Detection, diffusion, and dynamics of groups in social networks

 

 

Isabel Kloumann

Monday, November 17, 2014
4:00pm 310 Gates Hall

Abstract:

In this talk we will think about a variety of real world social networks that are comprised of nodes with interesting and diverse properties. We think about groups of nodes that share common features, and reason about group membership identification, diffusion in the network, and overall longevity and dynamics.

In the first part of this talk we have a social network of people and would like to know how to best identify members of an interesting but unlabeled group. Given a few exemplar members of the group how can the network be used to find the hidden remaining ones? This is the seed expansion problem in community detection, and a growing body of work has used seed expansion as a scalable means of detecting overlapping communities. We evaluate several variants of seed expansion and uncover subtle trade-offs between different approaches. We also explore topological properties of communities and seed sets that correlate with algorithm performance, and explain these empirical observations with theoretical ones.

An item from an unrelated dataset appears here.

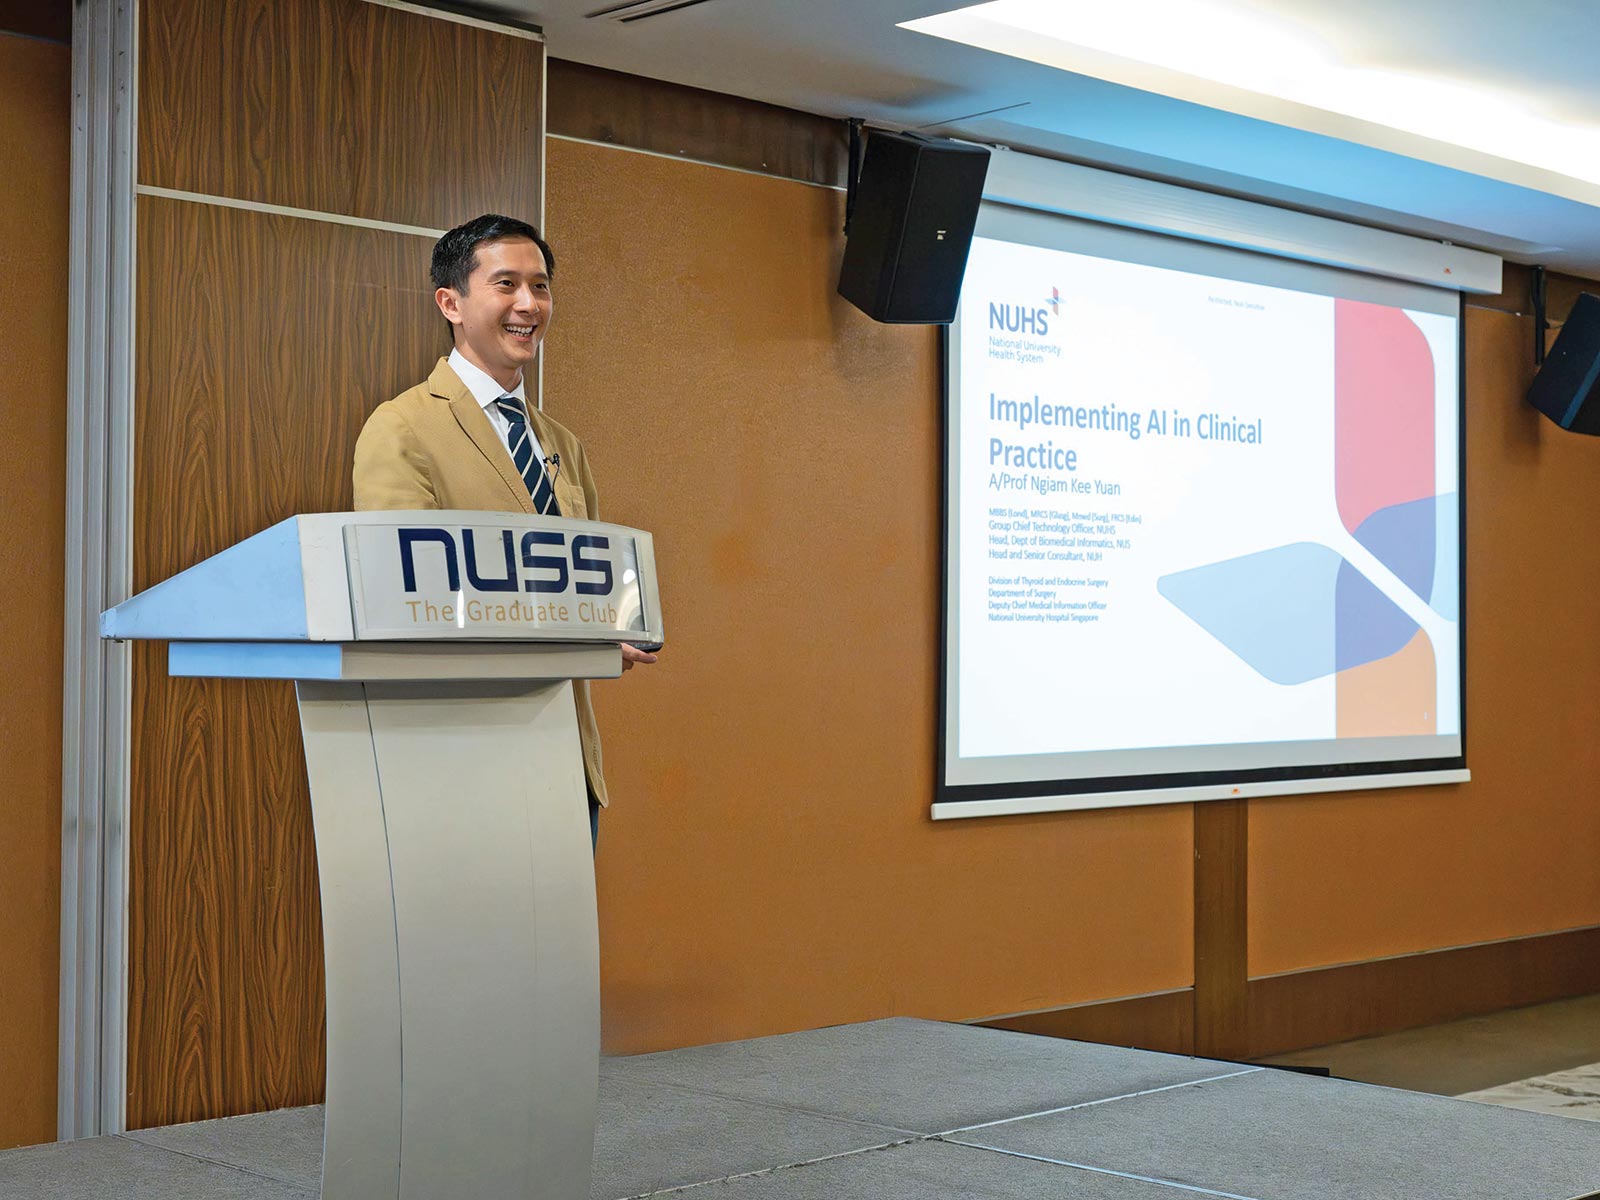 Associate Professor Ngiam Kee Yuan, Group Chief Technology Officer, National University Health System (NUHS), Head of the Department of Biomedical Informatics in NUS Medicine, spoke about AI in Clinical Practice, and its challenges.

In the second part we will discuss another social network -- Facebook. Facebook Login is a global platform for app usage, and this work studies the lifecycles of a collection of popular Facebook Login apps. App users are groups of nodes that exist within this social ecosystem in a dynamic way. At the temporal level we develop a retention model that represents a user's tendency to continue using an app, and find that a very small parameter set characterizes this dynamic process. At the social level we organize apps along two fundamental axes -- popularity and sociality -- and show how a user's probability of adopting an app depends on properties of both the local network structure and the match between the user's attributes, their friends' attributes, and the dominant attributes within the app user population. We show how our models give rise to compact sets of features with strong performance in predicting the longevity of an app's success.